EM : En quelques années, le concept d'économie circulaire a connu une extraordinaire appropriation. Comment le définiriez-vous ? J-CL et VA : Nous sommes partis de l'examen de dizaines d'études de cas avant d'aboutir à une p ro p o s i tion de définition. L'économie circulaire est, pour nous, un principe organisateur, dont la forme ne doit pas être figée, qui vise trois objectifs : le découplage entre activité économique et quantité de matières premières extraites, la décarbonatation, les circuits courts. On a besoin à ce stade d'un vocabulaire partagé et clair, soignant la sémantique. Mal définie, l'économie circulaire pourra en effet vite glisser vers une commodité de langage, un fourretout vide de sens. Pour le reste, les outils existent. On a toutes les cartes en main avec les approches d'écoconception, d'économie industrielle, d'économie d'usage, de recyclage, etc. ainsi qu'avec les démarches d'Agenda 21, d'écoquartiers, d'écovilles, de consommation collaborative, de zéro déchet, etc. Il reste à établir une règle du jeu, c'est-à-dire une stratégie organisationnelle qui connecte ces éléments. Pour cela, pas de modèle, mais on peut sans doute dégager des lignes directrices, un canevas à décliner selon les territoires.
EM : En quoi l'inscription de la démarche dans le territoire est-elle capitale ?

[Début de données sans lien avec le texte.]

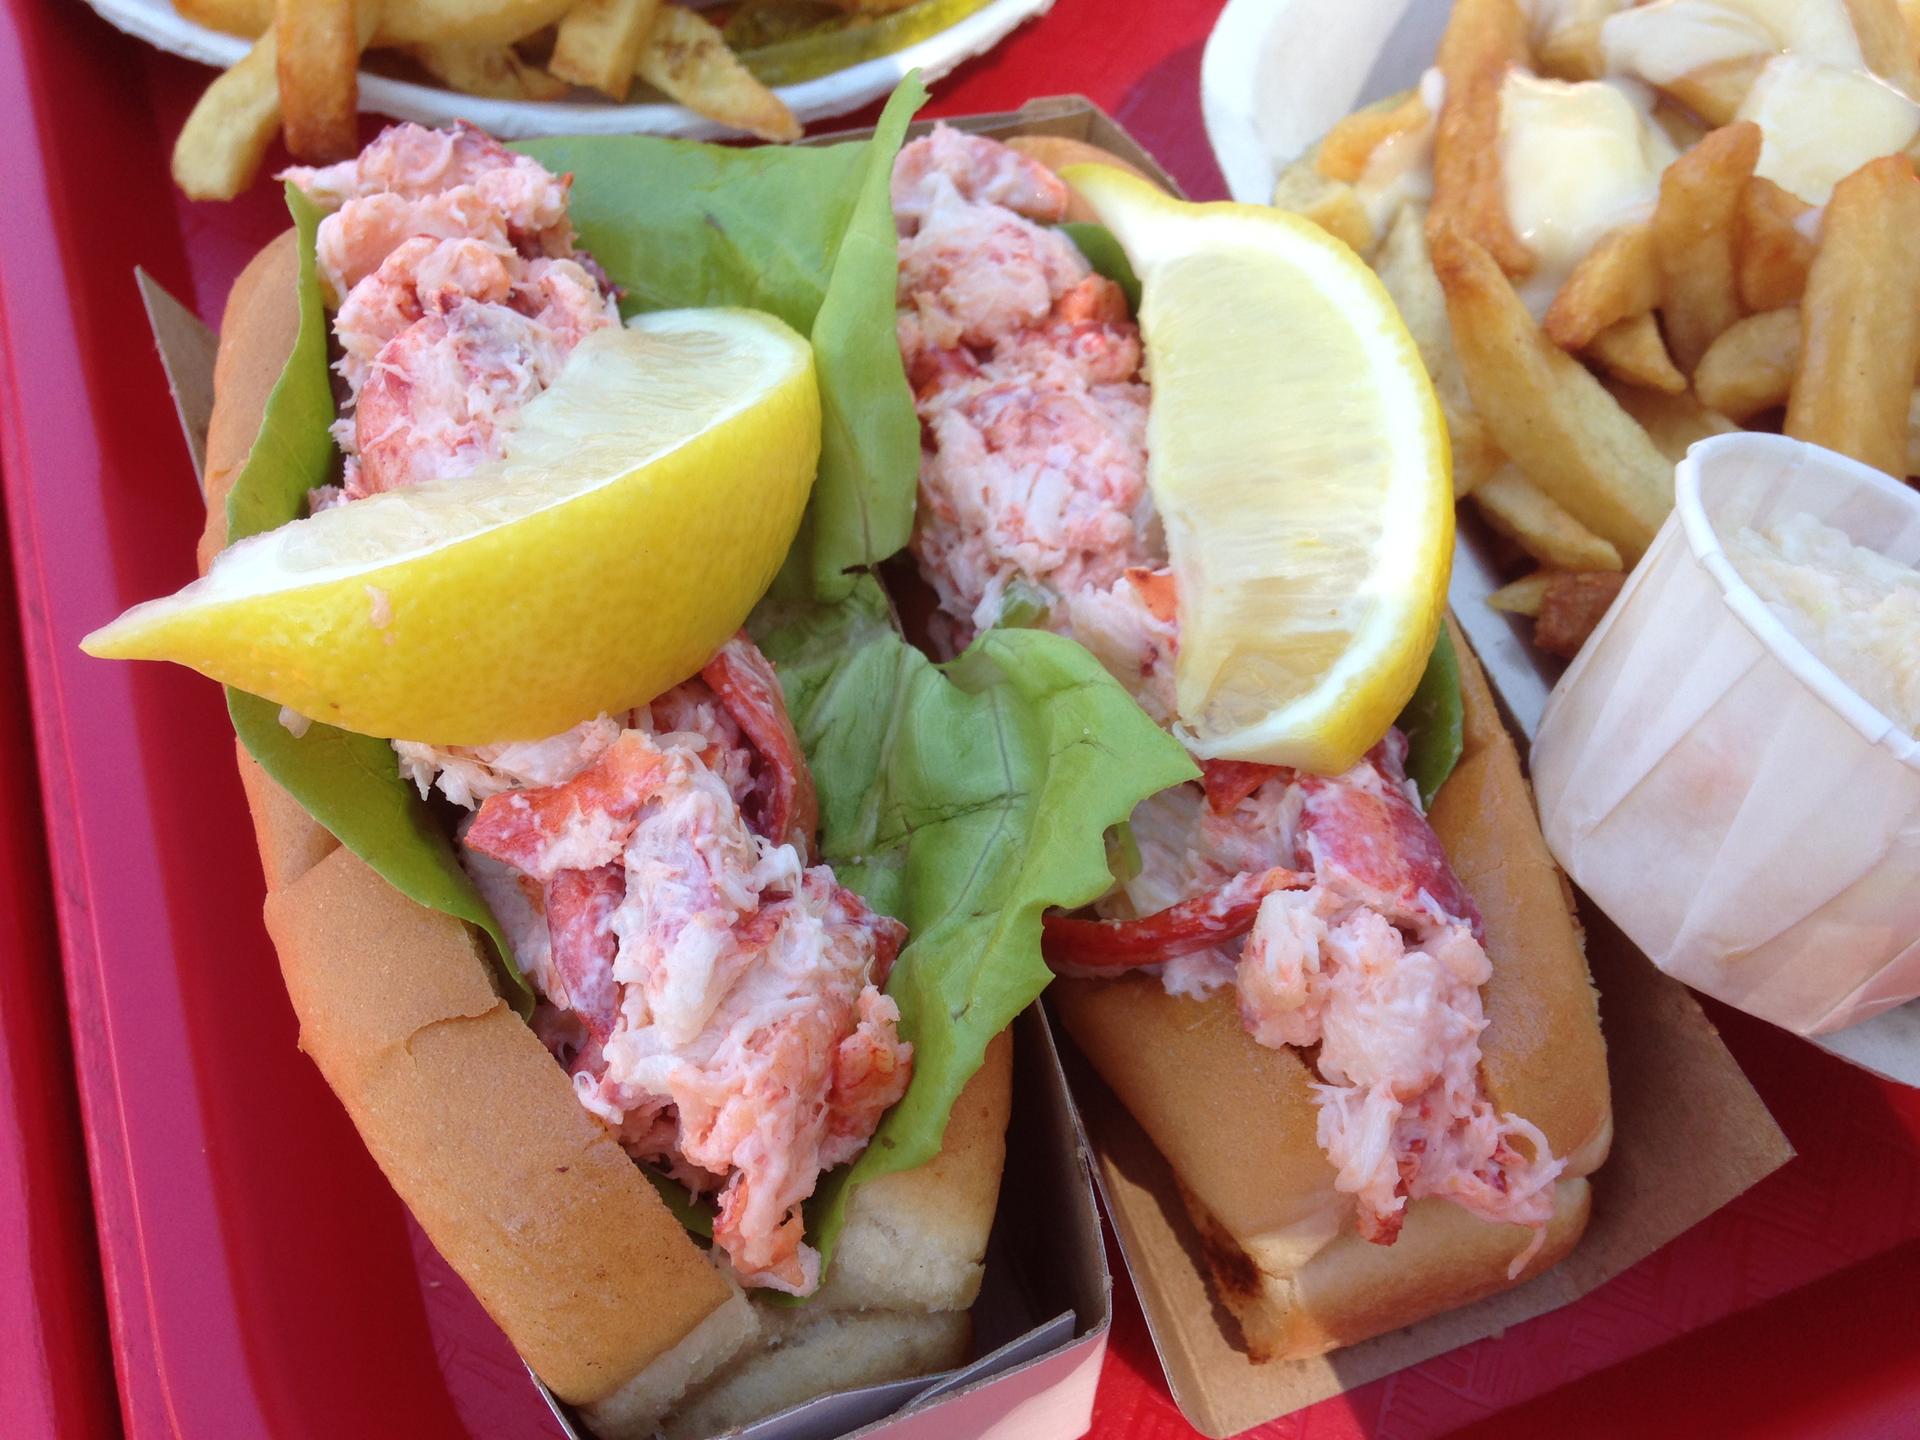 The lobster rolls at The Clam Digger, a restaurant in New Brunswick, Canada

J-CL et VA : L'économie circulaire, comme le développement durable, n'existe pas hors-sol. Il y a une certaine polarisation du concept sur le cercle économique, mais la question fondamentale est celle de l'organisation mise en place par les collectivités, planificatrices et gestionnaires du territoire. Bien sûr, comme il s'agit de fédérer les acteurs, des gouvernances adaptées sont à créer. Il faut aussi coordonner les niveaux d'organisation, qui sont enchevêtrés, tant en termes de millefeuille territorial, que spatialement, entre intercommunalités voisines par exemple. Aucun échelon territorial n'incarne plus qu'un autre un rôle de chef de file : chacun peut agir à son échelle et selon ses compétences. Toutefois, seules les collectivités ayant la maîtrise du foncier sont un bon territoire d'organisation. Les autres ont à remplir un rôle différent, en soutien, par l'orientation de leurs politiques publiques.
EM : Pourquoi parlez-vous d'une « hypothèse » de l'économie circulaire et insistez-vous sur le besoin d'évaluation ?
J-CL et VA : Même si beaucoup d'expériences concrètes existent, en France et à l'étranger, personne n'est pour l'instant en capacité d'en faire une analyse précise. Car on ne sait pas quantifier les effets imputables à ces démarches et à elles seules (bilans matière, financier, emploi), ni évaluer le degré de circularité d'un système économique. II est donc nécessaire d'inventer des indicateurs pour mesurer les bénéfices économiques et scientifiques avérés de l'économie circulaire. C'est indispensable pour valider l'intuition que l'on a de l'intérêt de la démarche.